The city of Frankfurt hopes to reduce the suicide rate by a whole third. Andreas Reif is project manager and director of the psychiatric university clinic in Frankfurt. He coordinates the various suicide prevention activities in the city.
Those at risk of suicide must be brought into treatment
A 24-hour hotline will be set up in Frankfurt for this purpose. In addition, there are emergency consultation hours with the aim of ensuring that those at risk of suicide can get medical treatment quickly and easily. This is supplemented by a short psychotherapy specially tailored to suicidality.
It is also very important to train specialists so that they know better how to recognize those at risk and how to help them. General practitioners in particular should recognize when a patient is at risk of suicide and react accordingly. Because almost all those at risk of suicide do not go to psychologists or psychiatrists who have more experience with such cases.
Suicidal companions go through different phases
Suicide candidates often go through different phases. In the so-called consideration phase, they play with the idea of killing themselves, but the risk is not yet very high. They are often depressed. General practitioners should ask such patients if they are considering suicide. In most cases, however, those affected do not seek help from a doctor during this phase. In the following phase, the ambivalence phase, people tend to seek medical help. They often feel very driven and very restless. They suffer a lot. There is an ambivalence between this “I actually want to live, but the way it is, I don't want to live anymore”.
Recognize an acute risk of suicide
In such a phase the risk of suicide is moderate to high. The psychiatrist Christiane Schlang trains doctors in suicide prevention. She recommends asking those affected if they suspect that they have thought about a method. Is there an immediate risk that the patient will put their plans into practice?
If someone then, says Christiane Schlang, "yes, I have the rope in the garage or I have collected pills or I have already set a day, then of course there is the highest level of alert."
How people talk about their suicidal thoughts
Not only doctors should pay attention to whether a person is at risk of suicide. Even laypeople should pay attention, says psychiatry professor Barbara Schneider. She is the chairwoman of the German Society for Suicide Prevention. There is the myth that when someone talks about suicidality that they are not actually killing themselves. That is wrong, says Barbara Schneider. Usually this is a call for help and support. As a rule, a planned suicide is reported. Directly and often indirectly, in that someone affected says we don't see each other anymore and makes such hints. Still others withdraw completely, completely breaking off contact. You should also look there.
How laypeople can help those at risk of suicide
You should also pay attention if someone seems depressed for days or says much less than usual without a reason being apparent. According to Barbara Schneider, it is always important to establish a relationship with the other person and to establish contact. As a layperson, you should ensure that those affected go to a counseling center, a clinic or a doctor.

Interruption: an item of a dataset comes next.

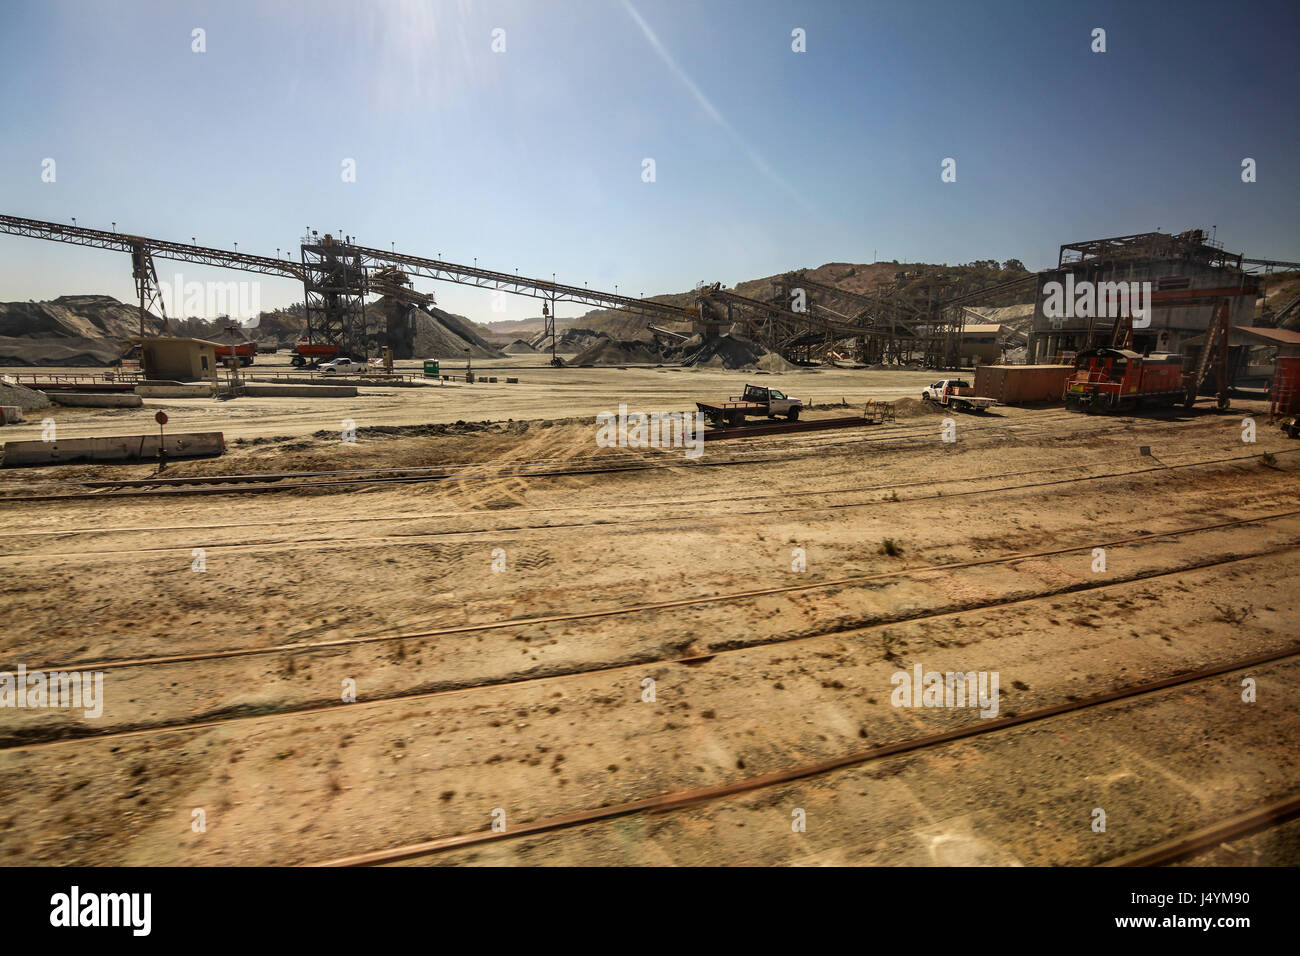 A construction site with a lot of dirt and travelators Stock Photo

Laypeople can and should be gatekeepers. This is what suicide experts call people who come into contact with people at risk and can show them the way through the right gate. Gate keepers are of course doctors and nurses who deal with many people who are not doing well. But ultimately everyone can get into this situation.
Suicides are not based on the opening times of advice centers
Once the risk of suicide has been identified, the helpers, relatives or those affected must be able to turn to where they can get help quickly. The telephone counseling is available around the clock and does a good job. But that's not always enough for those affected, says Ute Lewitzka, head of the suicide prevention research department at the University of Dresden. Important institutions such as the crisis service or the social psychiatric service are usually open Monday to Friday from 8 a.m. to 4 p.m. But many crises do not happen during opening hours, but mainly at night or on weekends. According to Lewitzka, it is very important to get people through the night and win this time.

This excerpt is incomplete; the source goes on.